Back on that windy December morning, she couldn’t find a free spot, so she parked illegally and ran out of her car into Harbour Square Park, where a Star reader paid to quietly dedicate a bench to Talotta. Typically, it’s close friends or family members behind such memorializations, which can cost upwards of $2,500, not strangers. But Lautens wasn’t surprised to hear a reader had done that for his old friend — he had that effect on people.

Maithily Panchalingam took this photo after finding the bench in Harbour Square Park that an anonymous Star reader recently dedicated to her late husband and Star photographer, Vince Talotta.

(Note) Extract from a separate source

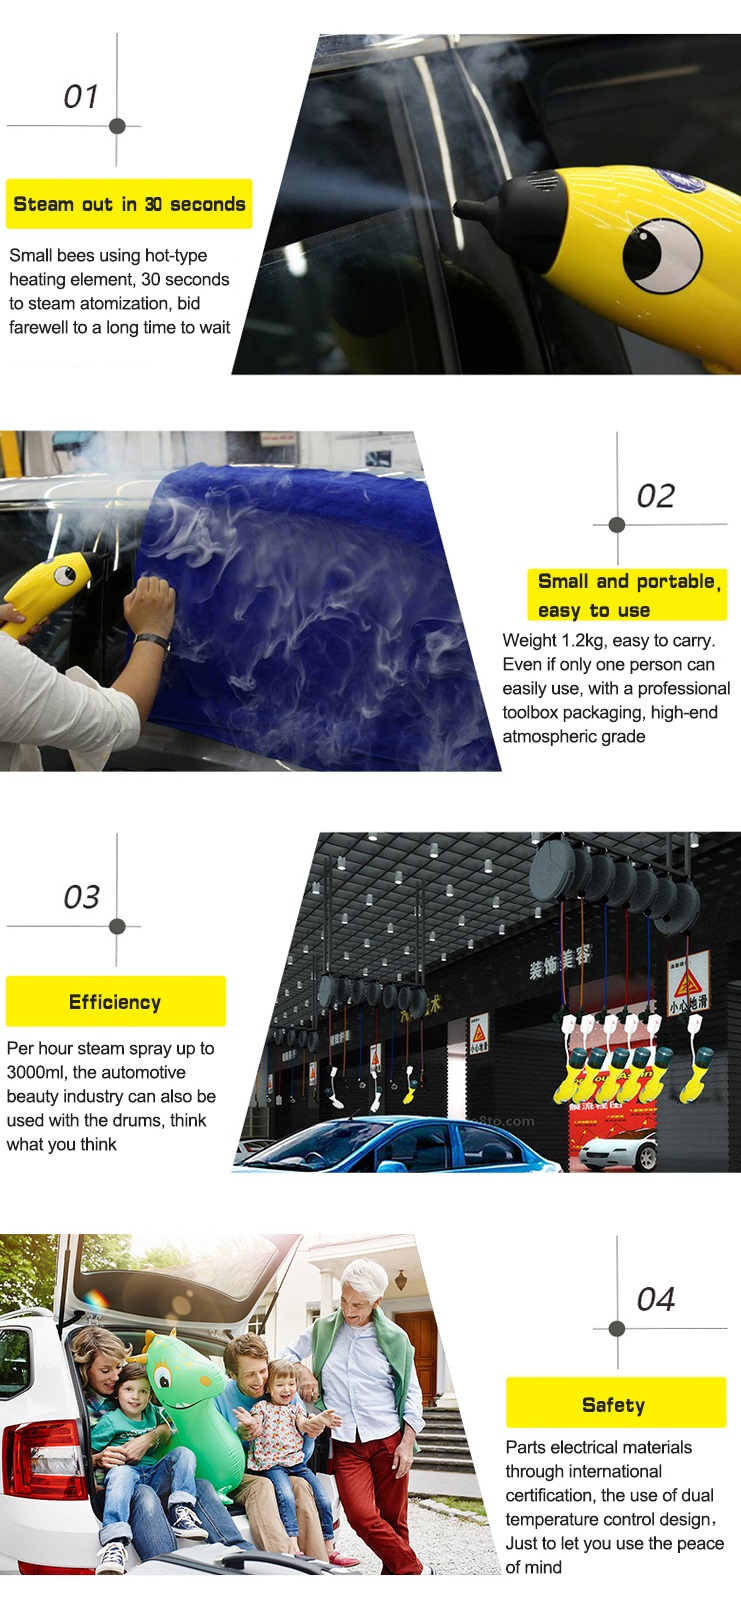 Description of Hand Steam Cleaner from Car Member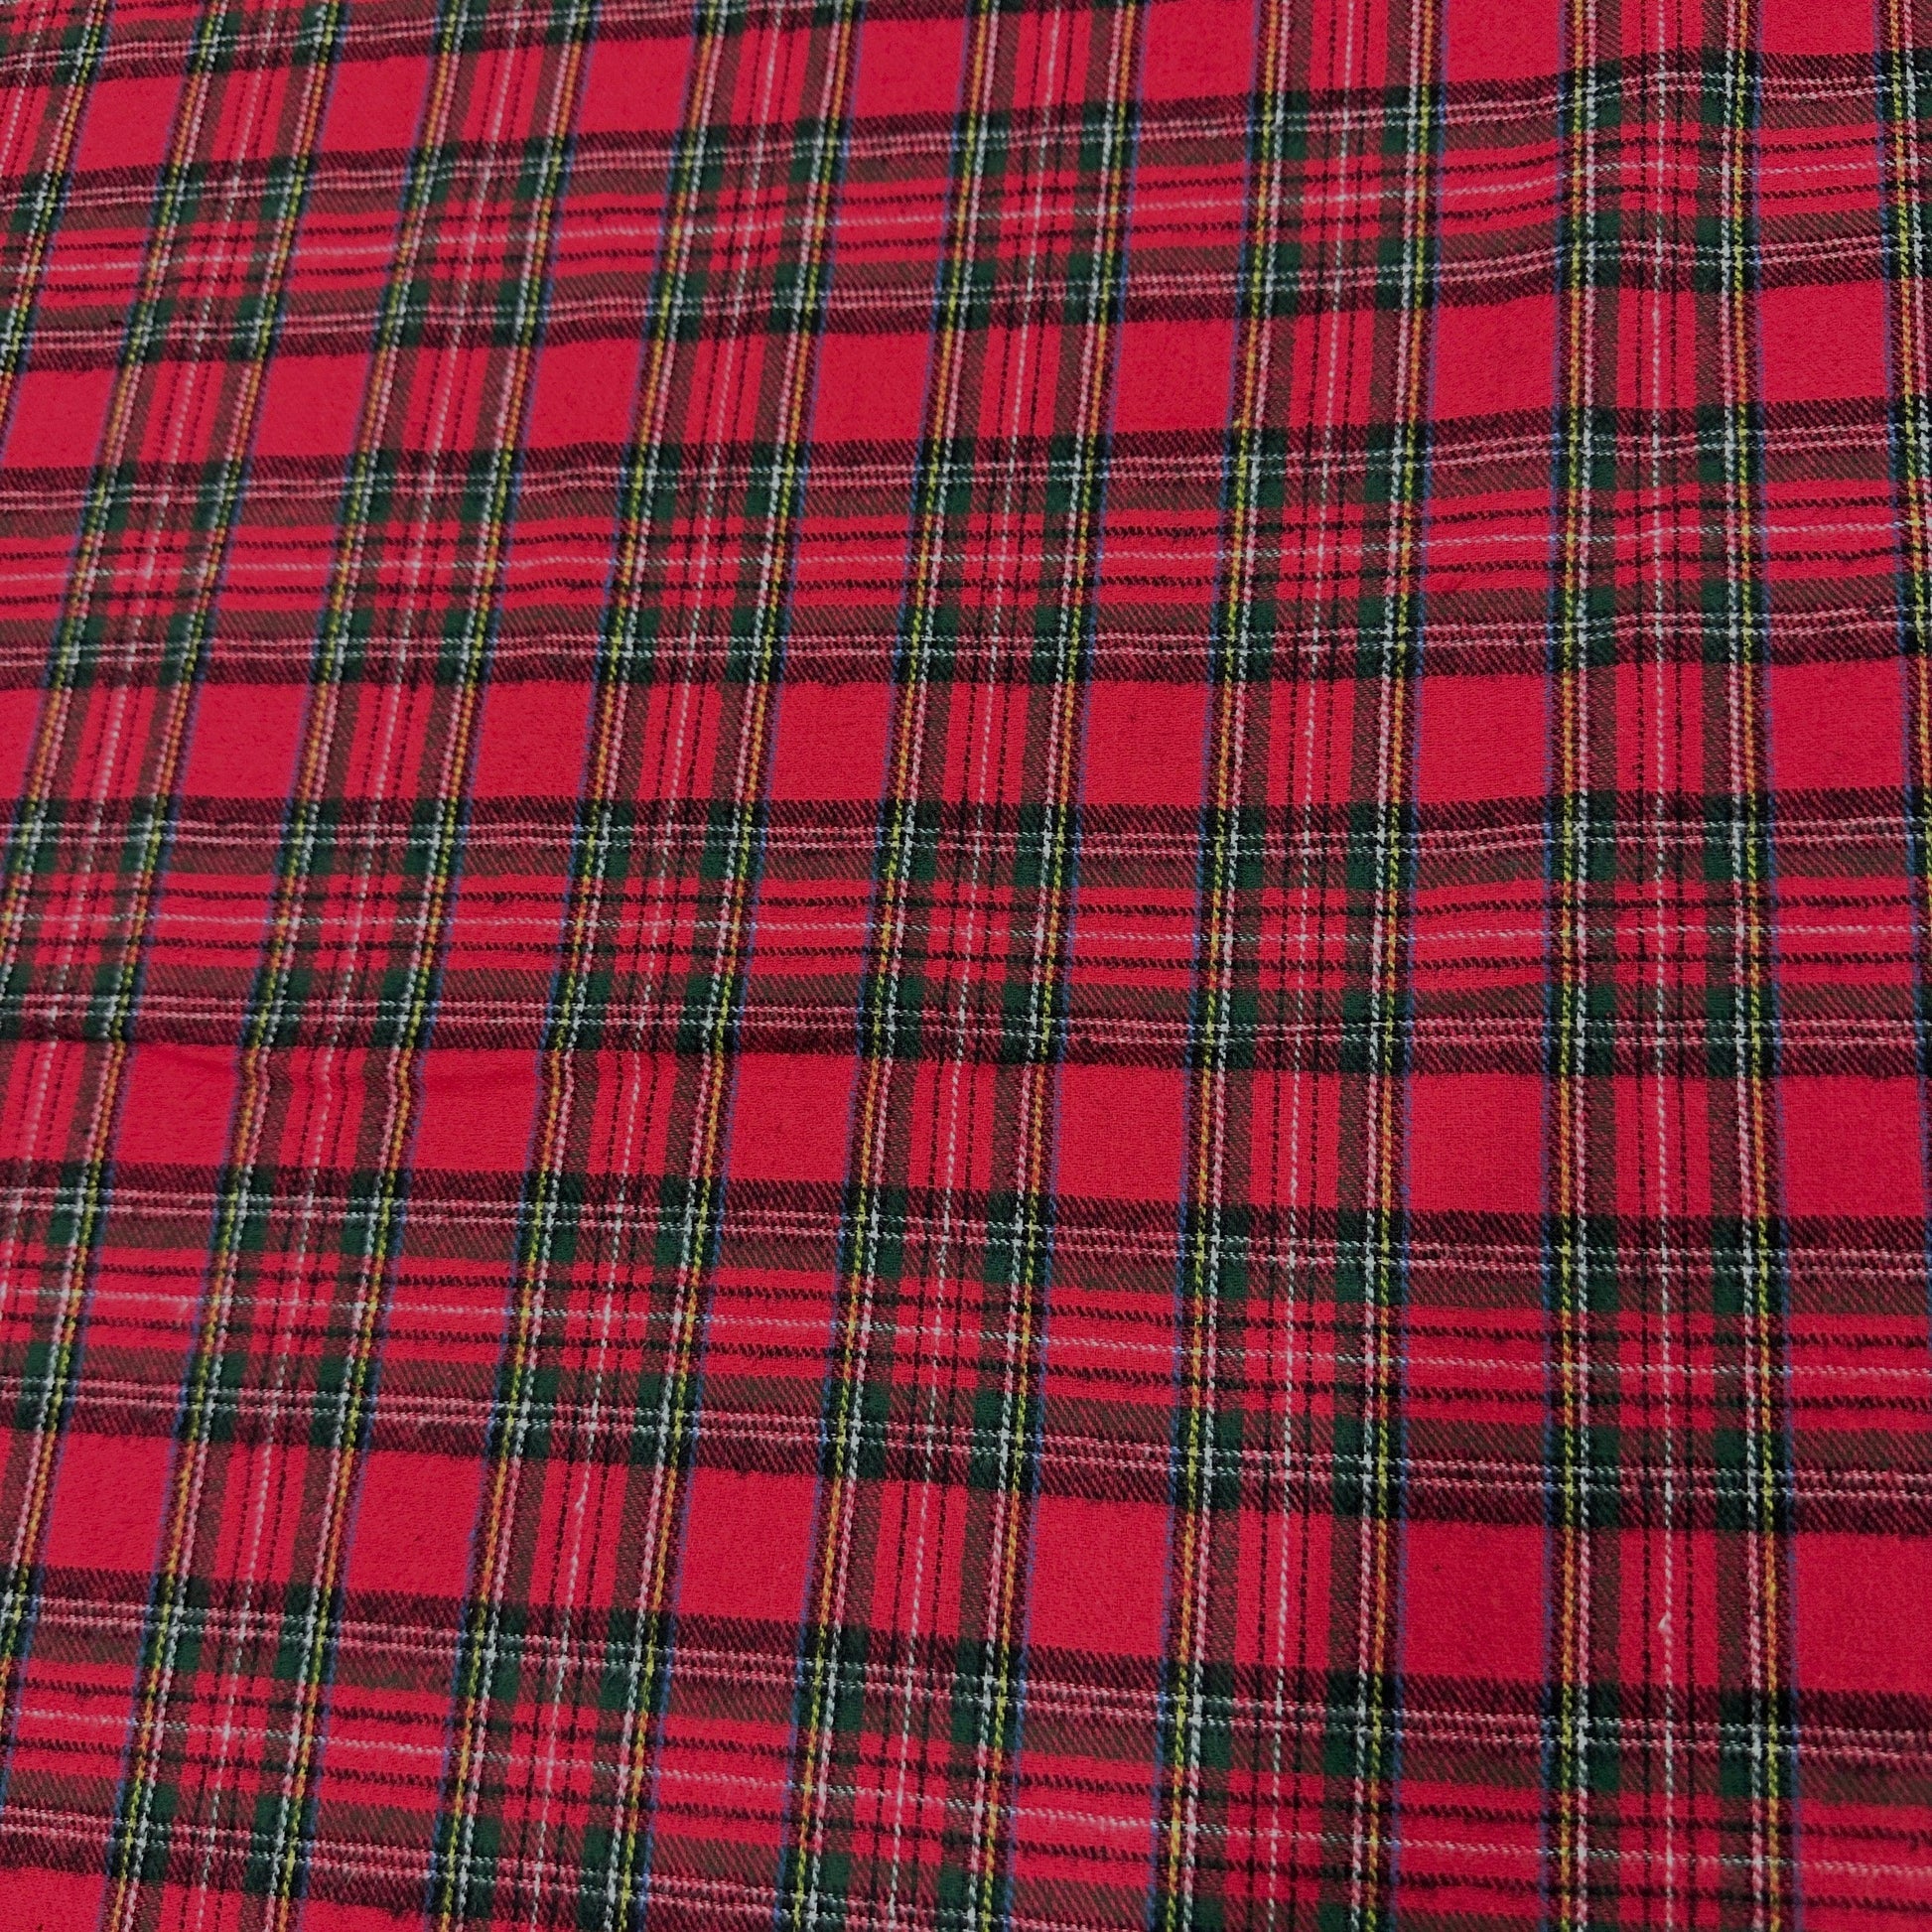 Red and Green Plaid Cotton Flannel Fabric - Nature's Fabrics

Funnily enough, Panchalingam had previously wondered about dedicating a bench to her husband but admits this location, less than a 10-minute walk from One Yonge Street, the former Star newsroom where they met, is “better than any spot that I could have picked.”

She ran from bench to bench until she finally found it. Her eyes began to well up. For a brief moment, she sat down, looking out at the Toronto Islands, as the sun broke through the clouds.

“It was strange. I wasn’t supposed to be there,” Panchalingam said, referencing the Gardiner exit she had missed minutes before.

For her, the stranger’s gesture affirms the way Talotta chose to live his life — that his kindness and compassion will resonate long after he’s gone.

“This person doesn’t even know what they did for us,” she said. “I will always be grateful.”